Shortbread, no more needs to be said.

Gingerbread cookies, all shapes, including gingerbread humans, fully decorated, with holes for hanging, as well.

Gingerbread A-Frame mini houses; about 2 dozen for the kids stuffed with dollar store trinkets like bubbles and cars.

Mini orange cranberry loaves, made with lots of peel and orange EO, topped with orange glaze, mmmmmm.....

Mini coffee cakes, oh boy, double cinnamon brown sugar stuff in the middle.

Mini lemon loaves, with tart lemon glaze, with lemon EO and LOTS of peel, inside and out.

Jams and jellies from foraged (black)berries.

BUT, THE BEST, AND EASIEST, AND MOST "IMPRESSIVE"...HOMEMADE CHOCOLATES!  Stupidly simple with "melting wafers", essential oils or flavorings, maybe some nuts and dried fruits....

TRUFFLES:  (google for recipes) make Ganache, flavor it (orange or peppermint EO, or your favorite liquer), handroll the filling, and dip in melted wafers, refrigerate.   DONE!

CHOCOLATE BAR: layer of melted chocolate, slightly cooled, topped with nuts/dried fruits then coveted in more chocolate  - instant chocolate bar.

FANCY FILLED CHOCOLATES:  for this you need molds, but they look SO professional!  

Melt wafers, fill mold 1/4 -1/3 full and tip mold sheet to coat the walls and make a 'shell'.  Allow this to cool, pipe in your 'cream' (aka, flavored icing, such as used for a cake, like a butter cream), top with more melted wafers.

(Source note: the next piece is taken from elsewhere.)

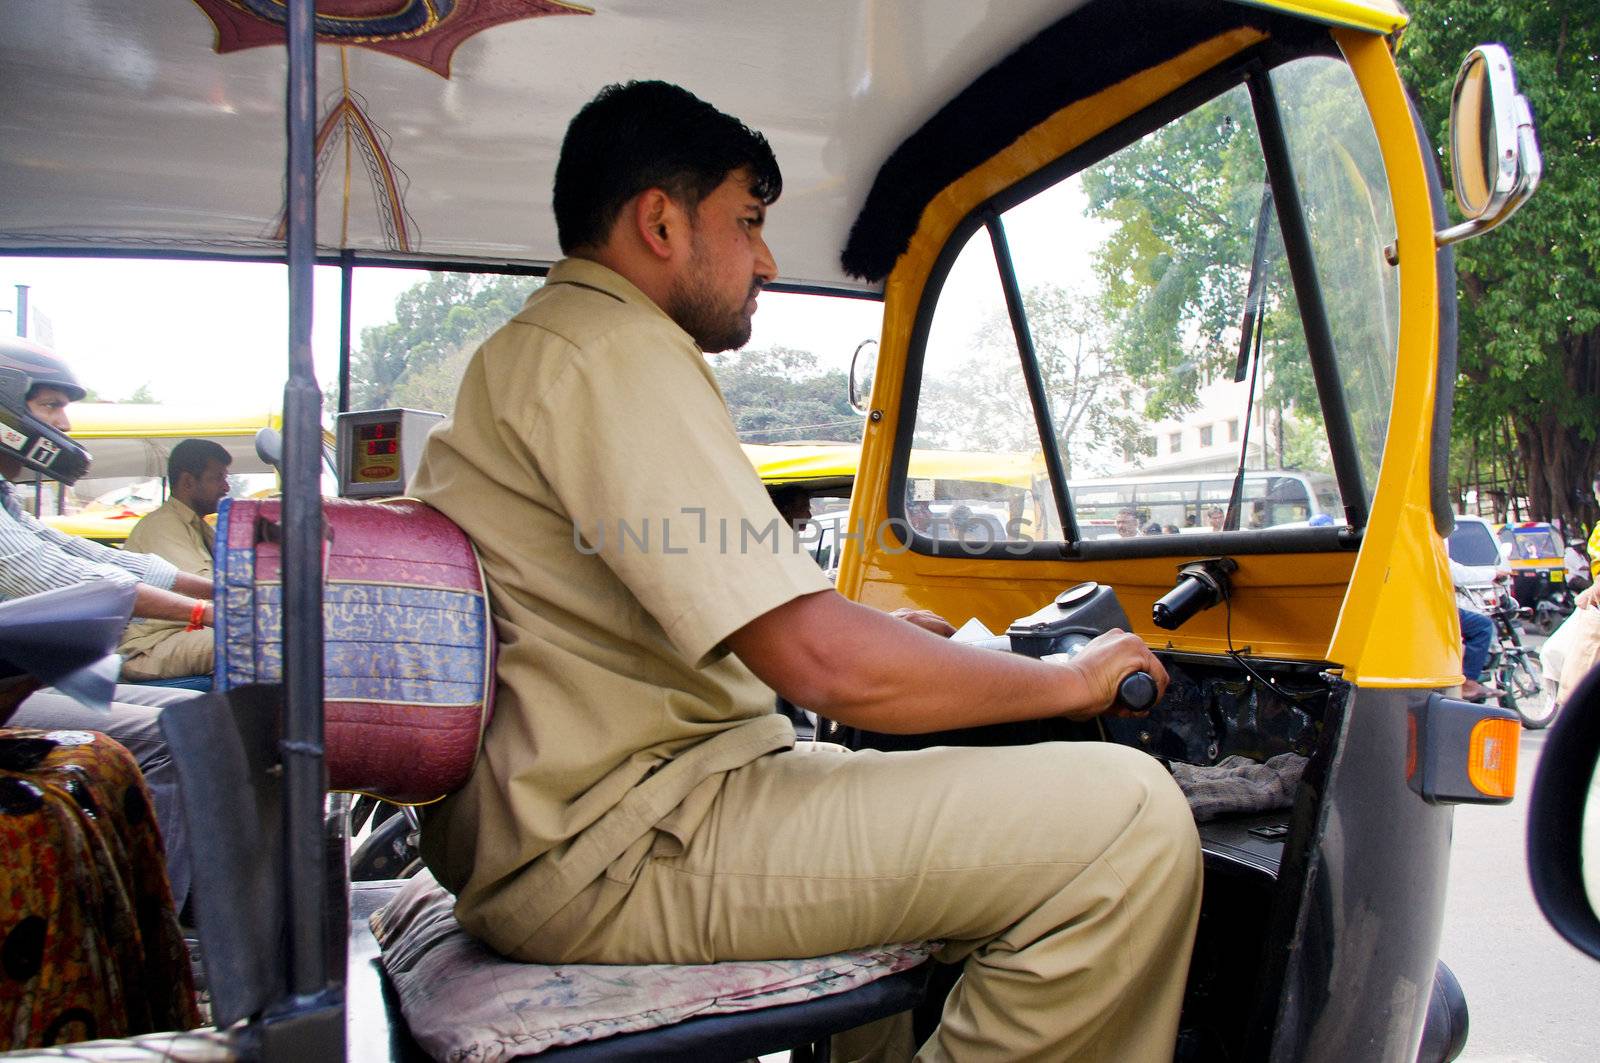 Autorickshaw driver in his taxi, Bangalore (Bengalaru), karnataka, India.

Cool, remove from molds by inverting, and gently tapping.  Prepare to be astonished!

Instant coffee, EO's, liquers (Irish Cream, Rum, Grand Marnier...), or grocery store flavorings ALL work for flavoring either the melted wafers OR the "icing" filling.

It's been awhile,  say 8yrs, since I was last able to do this, and was living on no money.  I would watch for my Xmas supplies to go on sale, starting in september, slowly stocking up...

For $200 I was able to supply 8 relatives, another dozen friends and neighbors with:
2 of each loaf, 4 dozen cookies, and 2 dozen chocolates.  PLUS, 6 large, assorted platters of cookies and chocolates for several businesses that were very helpful,  on a regular basis.

My cranky back put an end to my Xmas Baking Boxes, but to this day,  I get asked "Am I on the Xmas parcel list this year?"  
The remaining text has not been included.